The two teams take their places. Two Spanish Basques, one short and one tall, and on the other side, Léon Dougaïtz, the Frenchman, and his partner. The man looks like a master bricklayer, he has a soft, rakish moustache, and wears a white shirt and espadrilles, but, like all the other players, no béret. His partner is a sturdy young man. He is going to play without a chistéra, with his bare hands. The players hurl the first balls at the wall, to warm up. Shall we start? Let’s start. A band plays. Léon serves. He stands with his nose to the wall, a metre away from me, and strikes the little ball with an incomprehensible force at the wall. It flies back, but they are on their toes at the back, and they send it back. We’re off! They leap forwards and backwards. Sometimes they hardly move, and especially Léon, who is playing at the front, doesn’t seem to care when the ball comes. He never seems to worry that it could hit him, but whether the blow will be powerful enough? The blow would kill an ox, but the blows are so light and elegant. They have no protection on their hands.
The spectators watch like hawks. When the ball flies from the back to the front, all the faces turn, with the same movement, towards the front. It looks as though all the heads were mounted on sticks, and moved by the same mechanism. They criticise very pedantically, and perhaps with a touch of local pride. Recently, the Spaniards won. Will Léon get revenge? Léon gets revenge. It’s not that he’s a canon, more a good artillery piece, but the only one who plays with his head. “Bravo, Léon!“ His face remains smooth and impassive, his shirt is wet, the sweat has transformed the rough material into transparent silk. A shoe has a hole in it, and is replaced, amid general participation, and then carry on, carry on!
The spectators are pretty united, there are probably few outsiders among them. They know each other, and smile at each other in recognition. Three friends, with a fat one in the middle, sit arm in arm and look at a fine lady, who certainly came up in a car, with ironic admiration. All-male society is harmless. There is a monk by Grützner[4], a fat, red-faced peasant with a knobbly nose, a spry, cheerful old man. He is terribly excited about something in the game, and alternately buries his head in his hands and throws his hat in the air and shouts. He jumps and dances excitedly in his seat, and is completely out of control. And it is terrible what is happening out there! The Spaniards are catching up! That’s impossible! No! Break. The players drink some wine, and sweat in rivers. The monk-peasant has calmed down a bit, and the fat man is having a conversation with friends, across eight rows of seats.

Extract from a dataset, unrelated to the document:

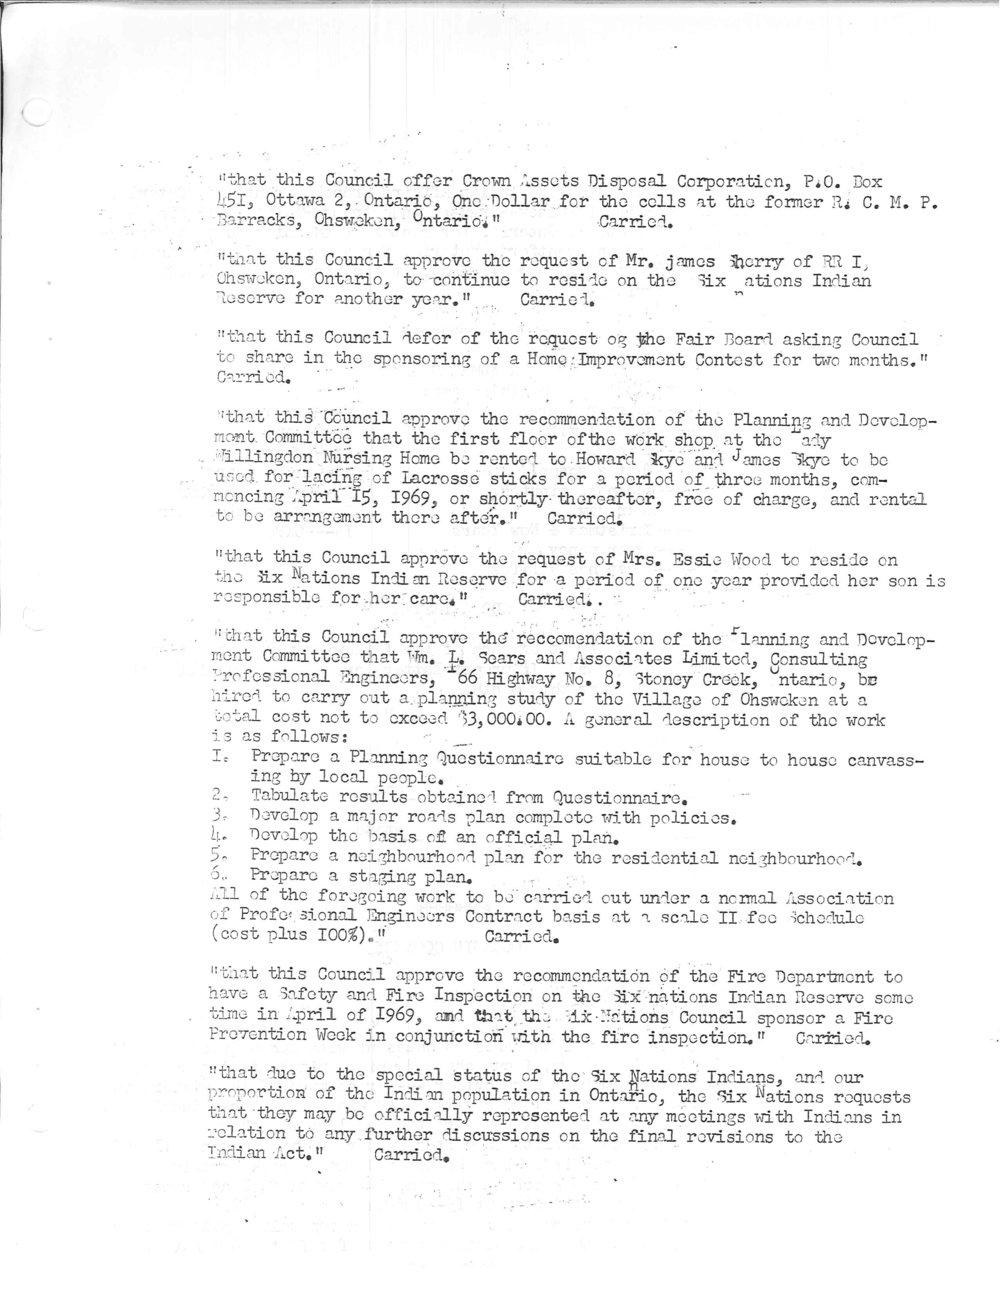 The Moccasin News - Vol.II No.I - February 15, 1969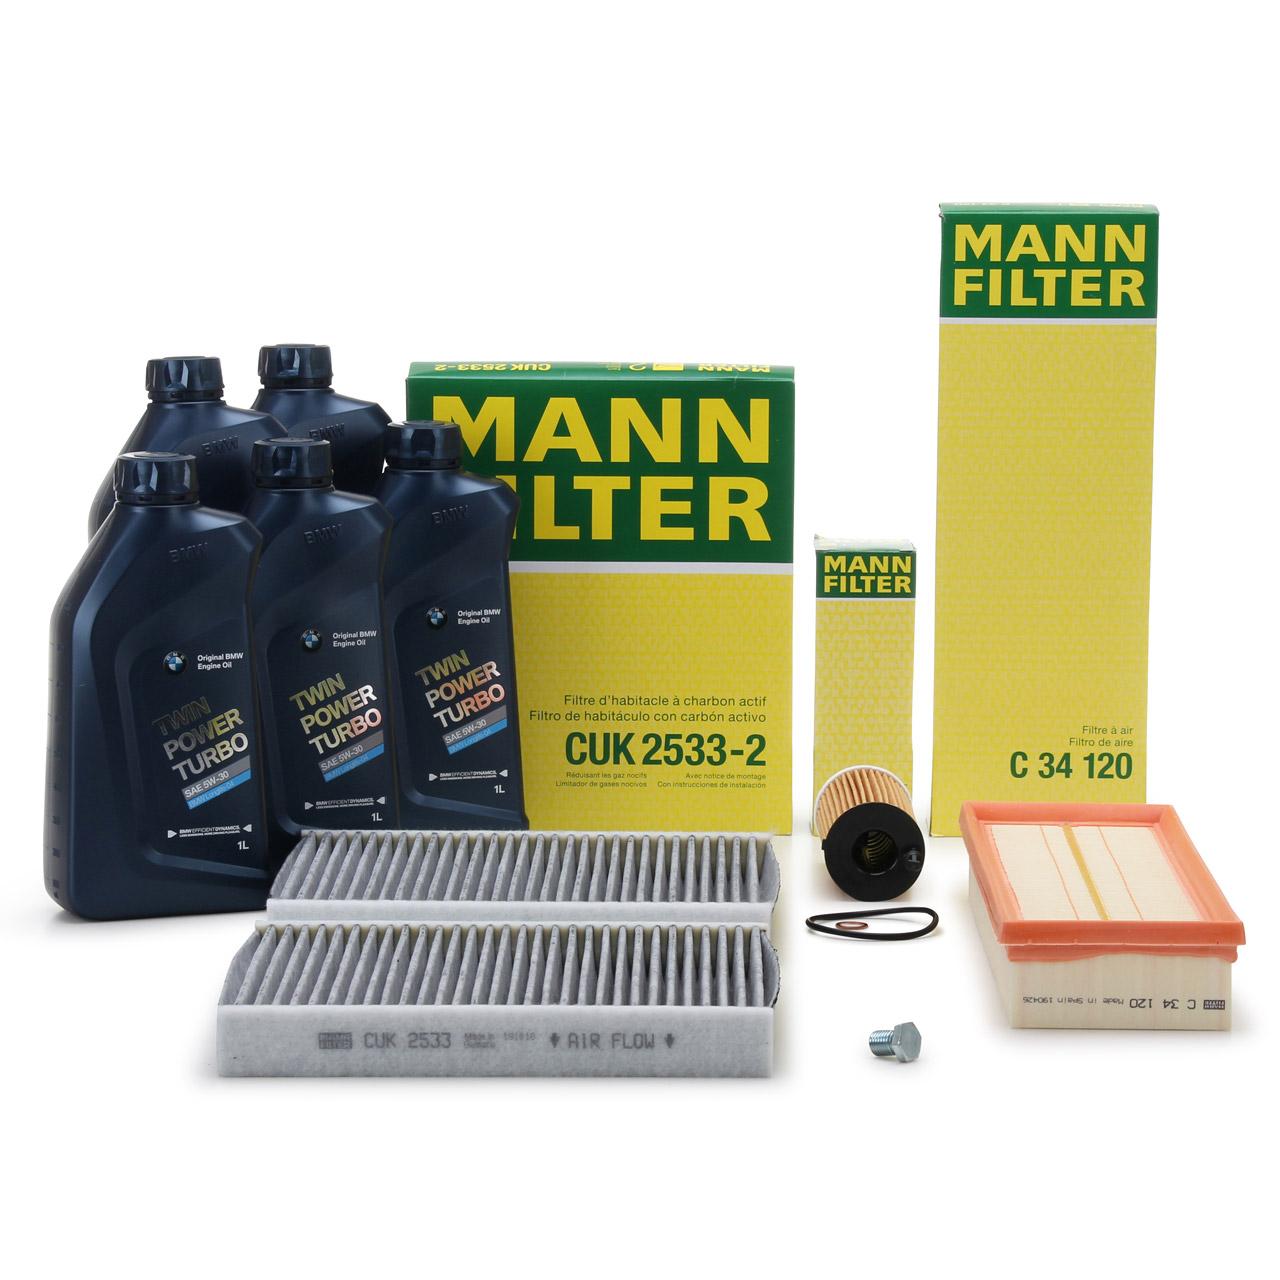 MANN Inspektionskit + 5 L ORIGINAL BMW 5W30 Motoröl für 5er F10 F11 518d 520d

Before the restart, the band strikes up a song, and everyone sings along. It is one of those songs of which you immediately realize that it is much more than just a popular song, it is a folk song. They sway in their seats, a lot of them just hum, in the way that one hums when there is no need to say the words. They effectively hum the words. The butter-yellow late afternoon sun shines through the bushes and above the high trees. The sky is a sparkling blue, the band blows, the game is about to restart, and I feel that this is one of the afternoons which the Basques will remember when they think, “Home!” This bliss, which cannot be expressed in words, comprising nothing more than the five-hundredth repetition of that which the father’s, and their father’s did on Sunday afternoons. Nothing more than a get-together which is only possible at home. This sunshine and no other, this song, and the curved wall of the court, the old familiar seats and the old familiar jokes and shouts. These are the hours which the Basque in America misses when he thinks back, the court, the pelote, and something else. He will have friends all over the world, elsewhere, certainly. He will value them, but he will never again have the feeling of belonging that he has here, anywhere else in the world, the closeness, the deep shove in the last corner of his heart: home!
Funny how tight this sense of home is. No state can stick its nose or flag in here. That’s not what people mean when they feel like this. I have come across this feeling in Germany particularly around Frankfurt, and in Hamburg; the Berliners also claim it for themselves. Otto Reutter, the late variety singer, who had more humour in his fly buttons than an entire cocktail cabaret with guaranteed exclusive audience, these days. Otto Reutter sang a song, among his four hundred and eighty songs, with the chorus, „As I’m proud to be German!“ And the seventeenth verse of this song is about how he was strolling in the port of a fine French seaside resort one evening, when an almost-elegant lady suddenly hit on him.
The spa band played in its way,
the lady moved up close to me…
„Hey, fatso, are you a Prussian, too?” she asked quietly.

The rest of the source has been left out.